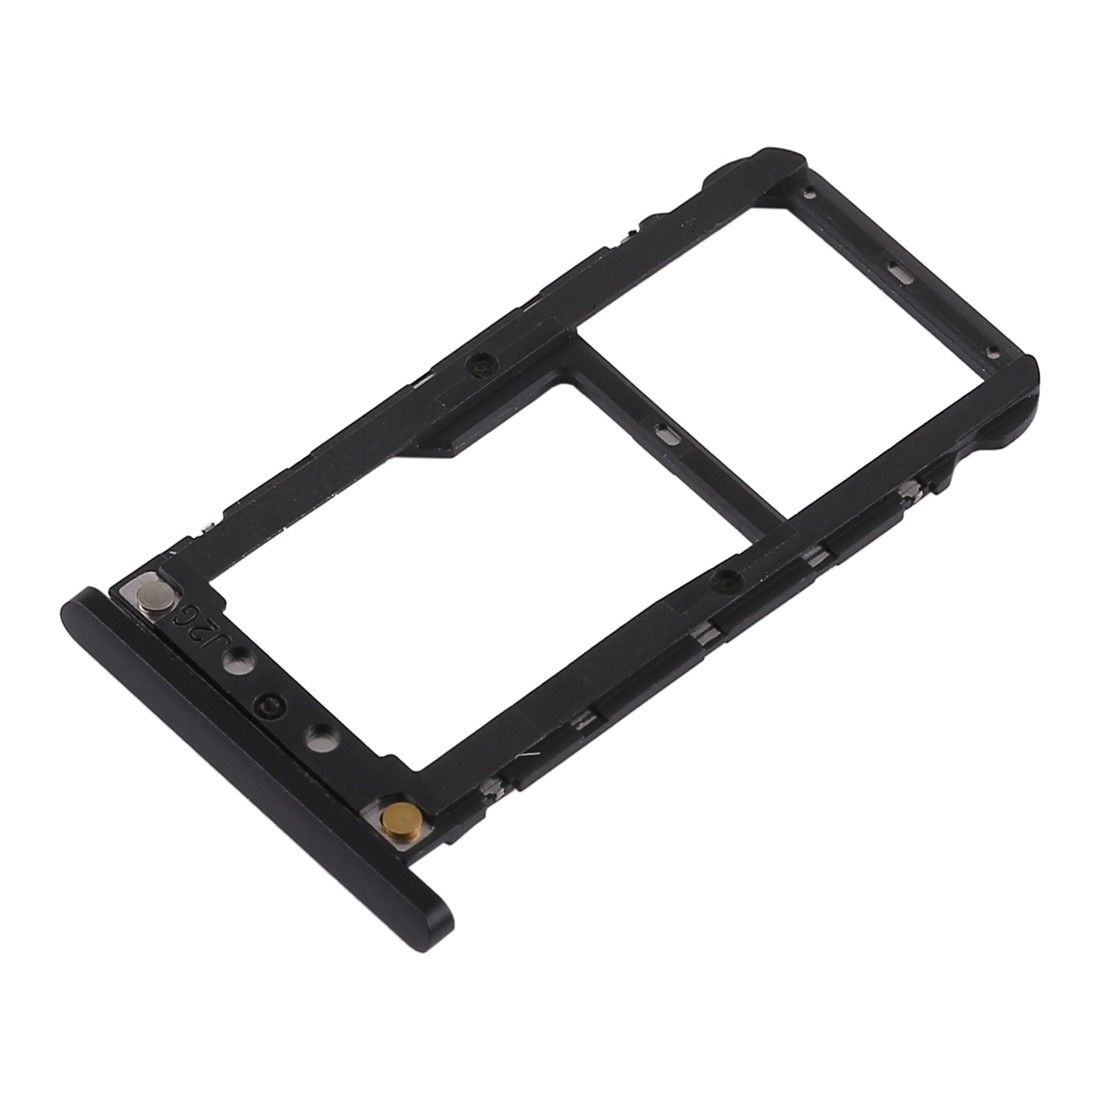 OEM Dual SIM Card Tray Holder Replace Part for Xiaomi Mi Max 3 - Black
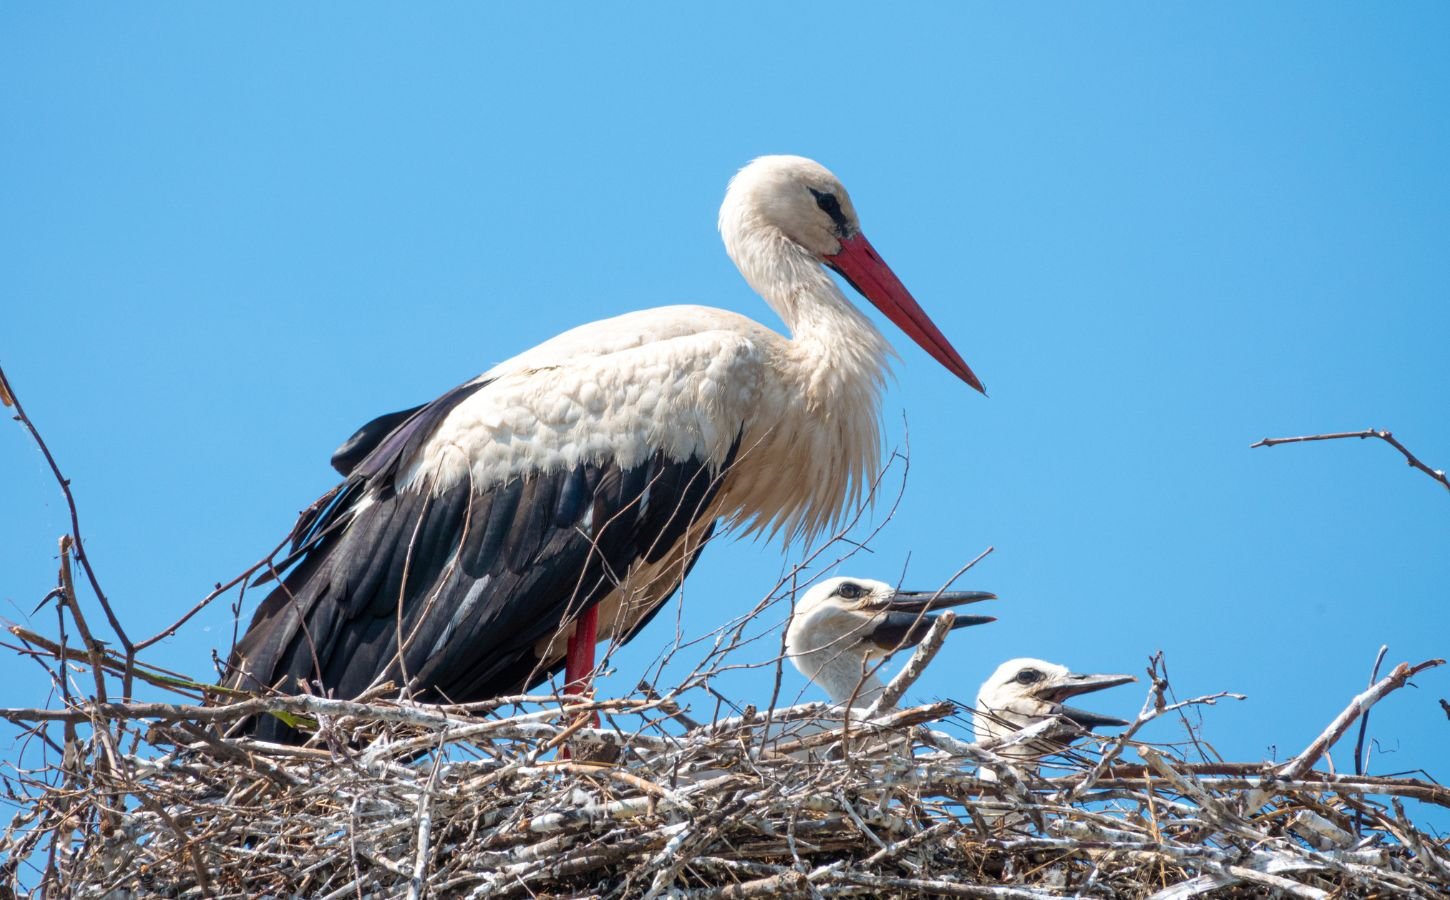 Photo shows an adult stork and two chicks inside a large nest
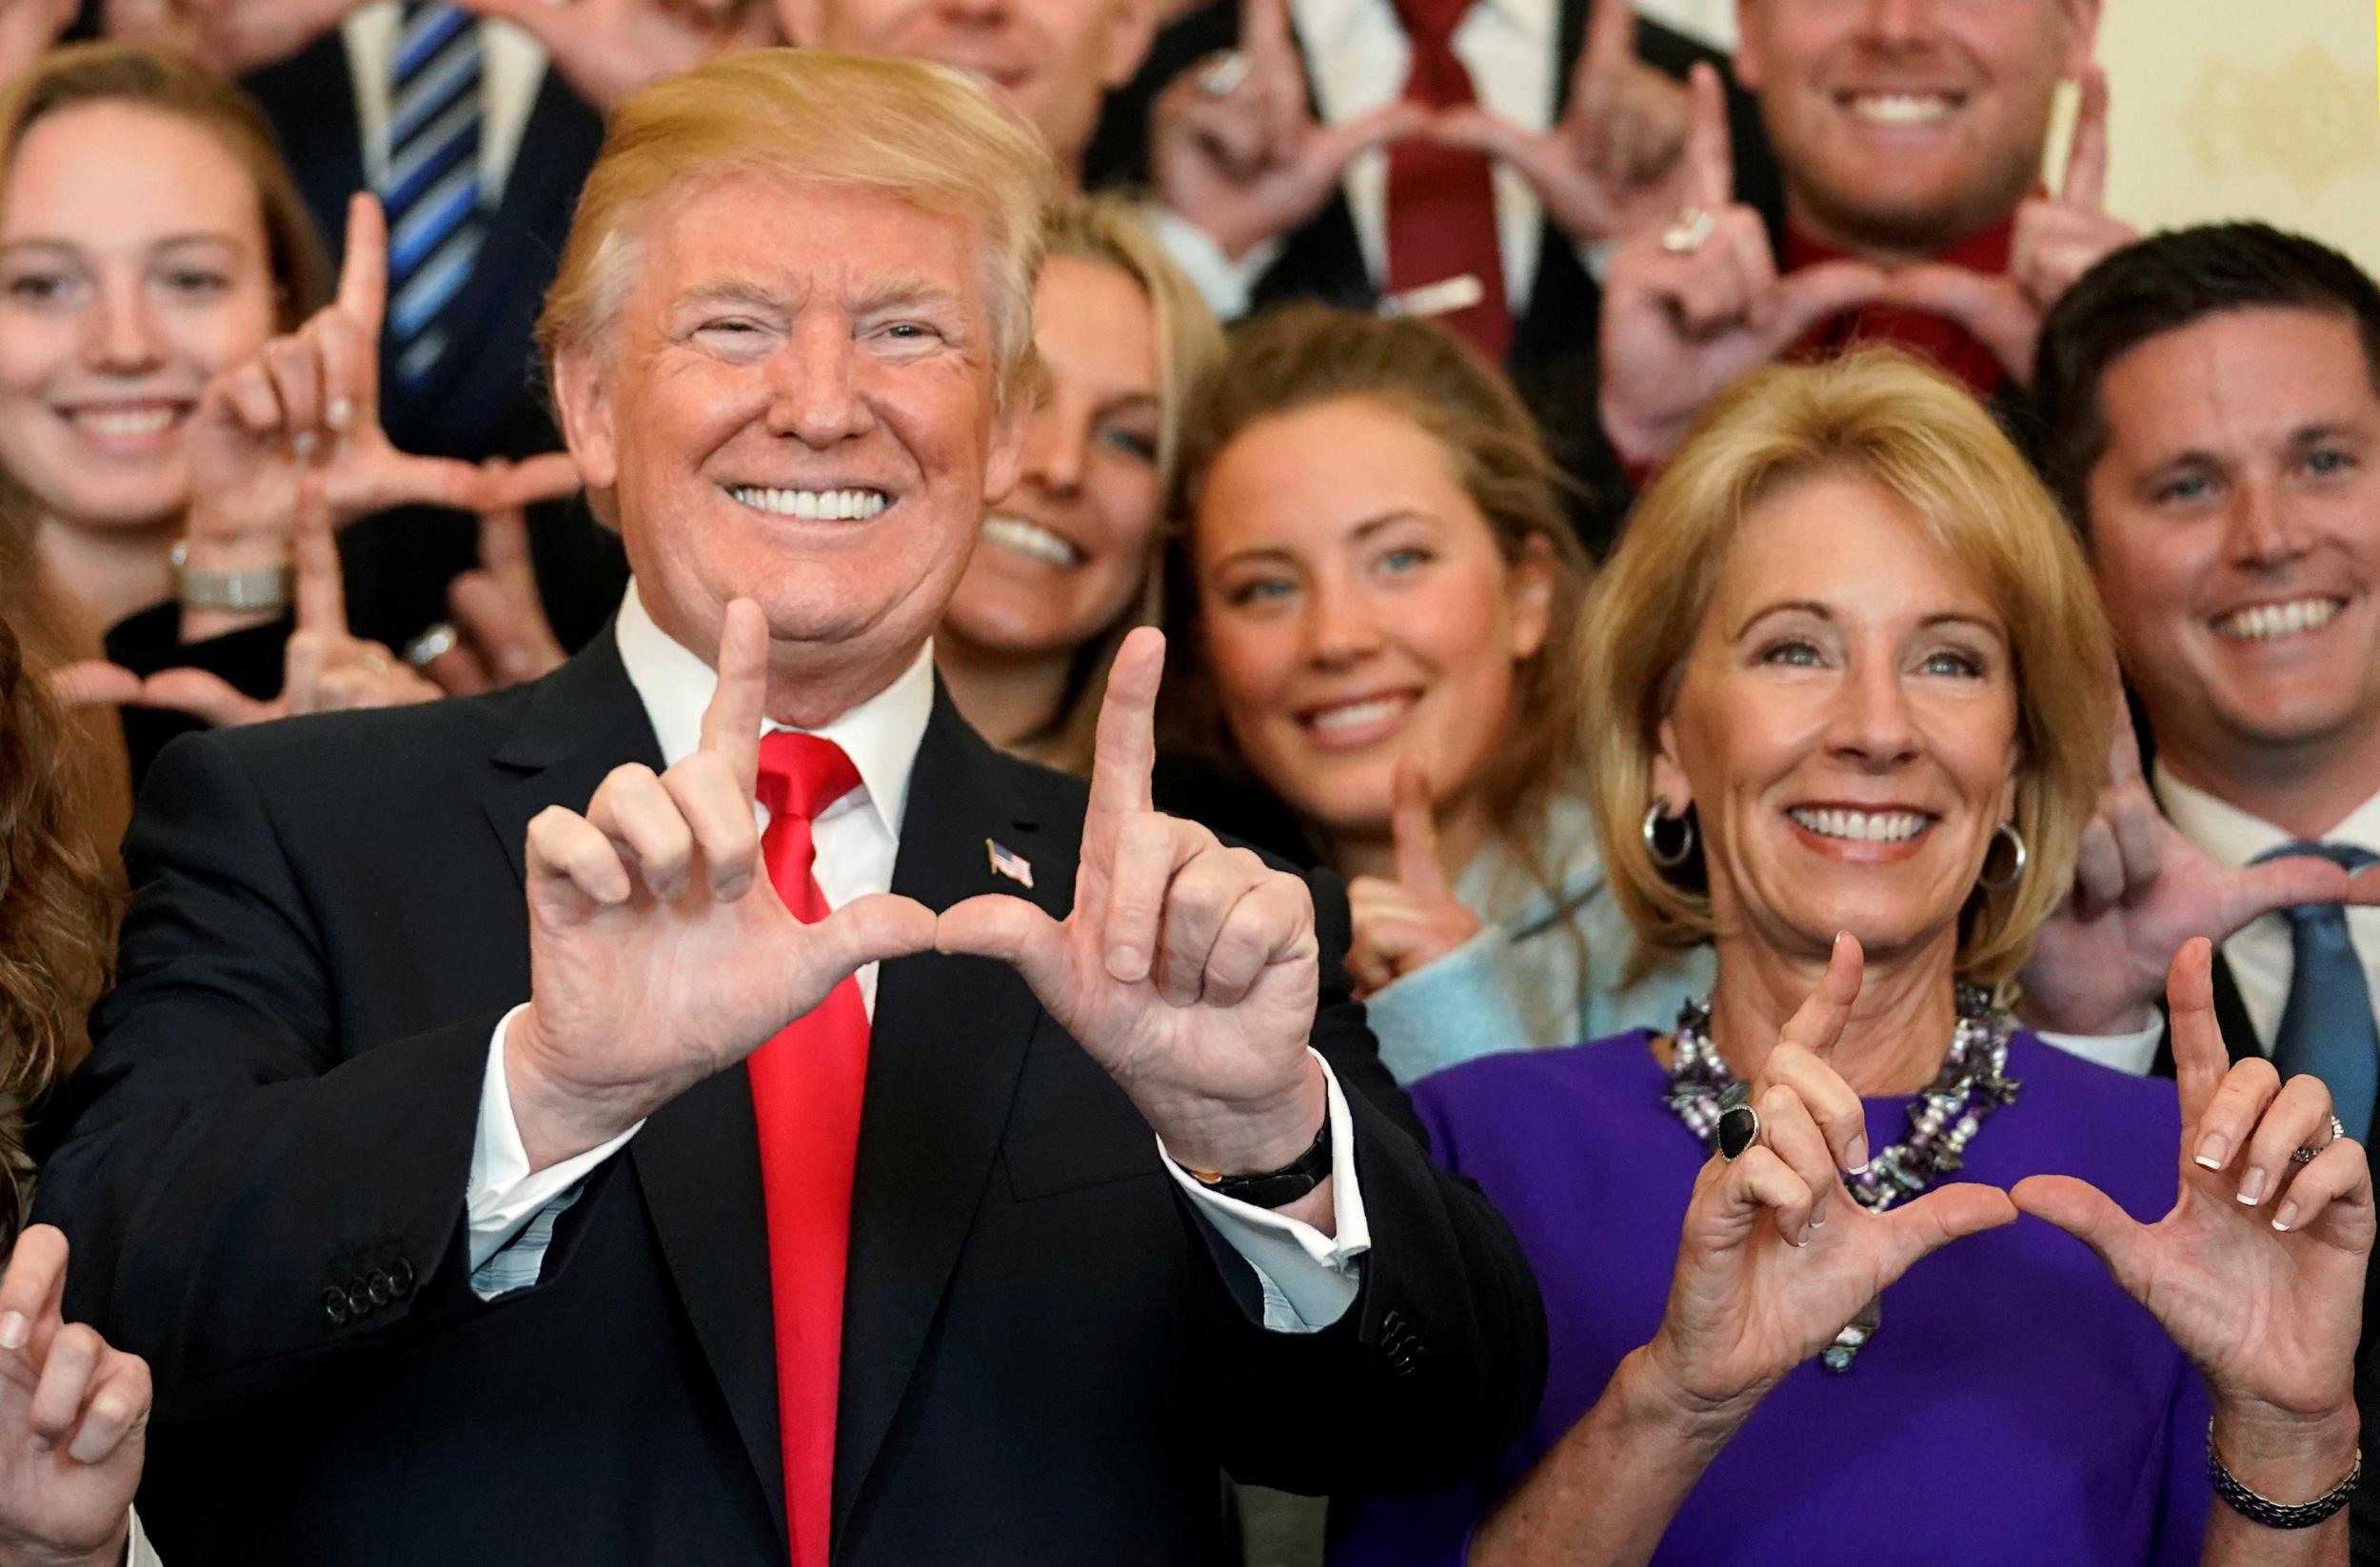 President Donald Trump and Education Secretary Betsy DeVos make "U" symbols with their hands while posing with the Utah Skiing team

• [EXERCISE]
The job is to set down the whole listing exactly, excluding any images.

• [RESPONSE]
 OEM Dual SIM Card Tray Holder Replace Part for Xiaomi Mi Max 3 - Black
 Photo shows an adult stork and two chicks inside a large nest
 President Donald Trump and Education Secretary Betsy DeVos make "U" symbols with their hands while posing with the Utah Skiing team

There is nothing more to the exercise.